RECORDS FOR THIS TASK.
>>

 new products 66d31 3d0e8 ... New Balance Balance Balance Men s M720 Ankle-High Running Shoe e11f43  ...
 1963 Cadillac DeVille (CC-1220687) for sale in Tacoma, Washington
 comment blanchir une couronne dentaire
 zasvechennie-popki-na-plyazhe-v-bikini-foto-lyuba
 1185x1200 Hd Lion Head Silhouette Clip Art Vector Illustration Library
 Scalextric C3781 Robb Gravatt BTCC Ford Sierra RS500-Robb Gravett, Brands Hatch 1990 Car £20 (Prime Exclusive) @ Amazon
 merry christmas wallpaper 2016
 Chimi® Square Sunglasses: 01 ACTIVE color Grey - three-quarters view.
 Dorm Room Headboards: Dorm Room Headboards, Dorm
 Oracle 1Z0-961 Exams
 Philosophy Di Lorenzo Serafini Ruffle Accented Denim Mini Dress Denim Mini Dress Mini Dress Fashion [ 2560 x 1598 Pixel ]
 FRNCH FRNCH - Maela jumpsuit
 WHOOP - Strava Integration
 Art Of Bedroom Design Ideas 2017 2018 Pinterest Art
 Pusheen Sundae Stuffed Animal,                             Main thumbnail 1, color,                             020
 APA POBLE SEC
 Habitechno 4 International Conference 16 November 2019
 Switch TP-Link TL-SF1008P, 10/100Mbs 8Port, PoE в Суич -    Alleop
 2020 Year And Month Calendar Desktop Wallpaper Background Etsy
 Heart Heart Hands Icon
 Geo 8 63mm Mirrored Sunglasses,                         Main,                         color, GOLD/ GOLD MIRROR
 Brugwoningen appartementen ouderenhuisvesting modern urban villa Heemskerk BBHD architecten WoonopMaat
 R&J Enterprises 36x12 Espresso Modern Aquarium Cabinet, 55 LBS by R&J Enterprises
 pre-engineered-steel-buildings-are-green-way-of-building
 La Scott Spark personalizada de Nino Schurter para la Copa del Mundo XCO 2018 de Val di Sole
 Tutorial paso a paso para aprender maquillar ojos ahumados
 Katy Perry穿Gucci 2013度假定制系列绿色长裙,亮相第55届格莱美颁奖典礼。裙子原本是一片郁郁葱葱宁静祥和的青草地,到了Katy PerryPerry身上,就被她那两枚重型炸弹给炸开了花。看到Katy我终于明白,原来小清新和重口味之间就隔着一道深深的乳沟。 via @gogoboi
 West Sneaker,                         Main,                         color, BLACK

<<

For this exercise, please output exactly the lines above starting at the line with "comment blanchir une couronne dentaire" and ending at the line with "Oracle 1Z0-961 Exams", ends included.

 comment blanchir une couronne dentaire
 zasvechennie-popki-na-plyazhe-v-bikini-foto-lyuba
 1185x1200 Hd Lion Head Silhouette Clip Art Vector Illustration Library
 Scalextric C3781 Robb Gravatt BTCC Ford Sierra RS500-Robb Gravett, Brands Hatch 1990 Car £20 (Prime Exclusive) @ Amazon
 merry christmas wallpaper 2016
 Chimi® Square Sunglasses: 01 ACTIVE color Grey - three-quarters view.
 Dorm Room Headboards: Dorm Room Headboards, Dorm
 Oracle 1Z0-961 Exams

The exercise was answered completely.